The new 2019-nCoV causes similar symptoms to SARS-CoV and MERS-CoV. People infected with the coronavirus suffer a serious inflammatory response.
Alas, there's no approved vaccine or antiviral treatment available for coronavirus infection.
SARS and MERS are classified as zoonotic viral diseases. This means the first patients that were infected acquired those viruses directly from animals. That was possible because while in the animal host, the virus acquired a series of genetic mutations. These allowed it to infect and multiply inside humans.
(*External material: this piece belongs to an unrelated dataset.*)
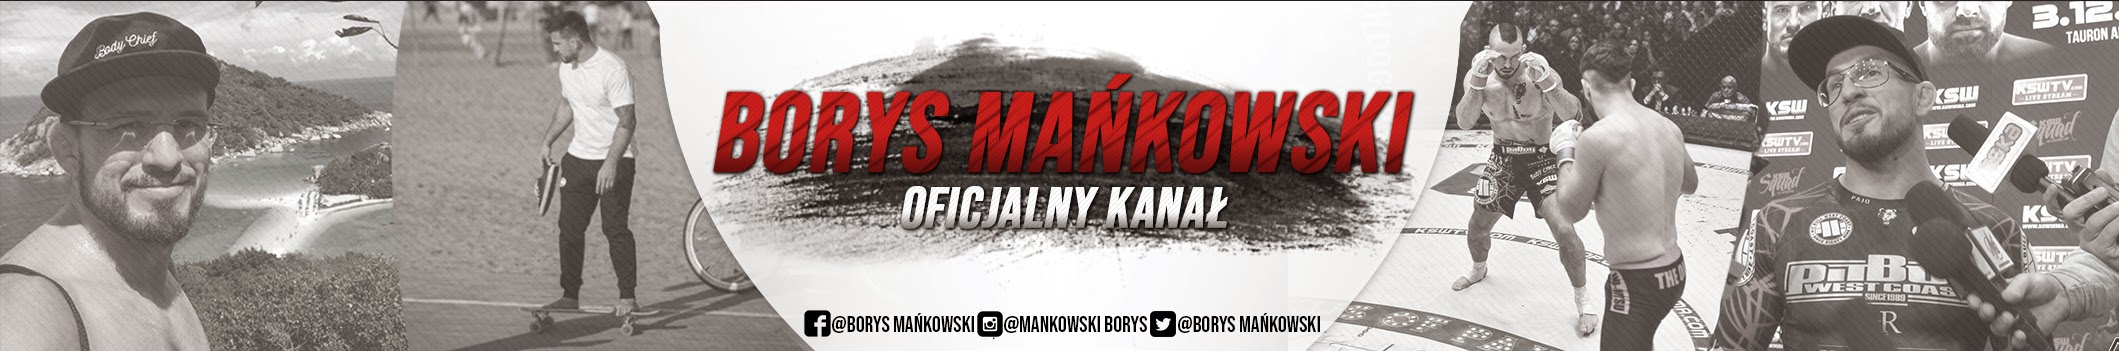 Borys Mankowski TV

The viruses can now be transmitted from person to person. Field studies have revealed that the source of SARS-CoV and MERS-CoV is the bat and that the masked palm civets (a mammal native to Asia and Africa) and camels, respectively, served as intermediate hosts between bats and humans.
In the case of this 2019 coronavirus outbreak, reports state that most of the first group of patients hospitalized were workers or customers at a local seafood wholesale market which also sold processed meats and live consumable animals including poultry, donkeys, sheep, pigs, camels, foxes, badgers, bamboo rats, hedgehogs, and reptiles.
Nevertheless, as nobody has reported finding a coronavirus infecting aquatic animals, it's plausible that the coronavirus might have originated from other animals sold in that market.
The study of the genetic code of 2019-nCoV demonstrates that the new virus is most closely related to two SARS-like coronavirus samples found in bats in China, initially suggesting that the bat may also be the origin of 2019-nCoV.
The scientists used an analysis of the protein codes that was favored by the new coronavirus. They compared it to the protein codes from coronaviruses found in different animal hosts, like birds, snakes, marmots, hedgehogs, manis, bats and humans. Surprisingly, they found that the protein codes in the 2019-nCoV are most similar to those used in snakes.
Snakes often hunt for bats in the wild. According to reports, snakes were sold in the local seafood market in Wuhan, increasing the possibility that the 2019-nCoV may have jumped from the bats – host species – to snakes and afterward to humans at the beginning of the coronavirus outbreak. Yet, how the virus could adapt to both the cold-blooded and warm-blooded hosts is still a mystery.
The authors of the study and other researchers should verify the origin of the virus through laboratory experiments.
Nevertheless, since the outbreak, the seafood market has been disinfected and shut down.
The 2019-nCoV outbreak is another reminder that we humans should limit the consumption of wild animals to prevent zoonotic infections.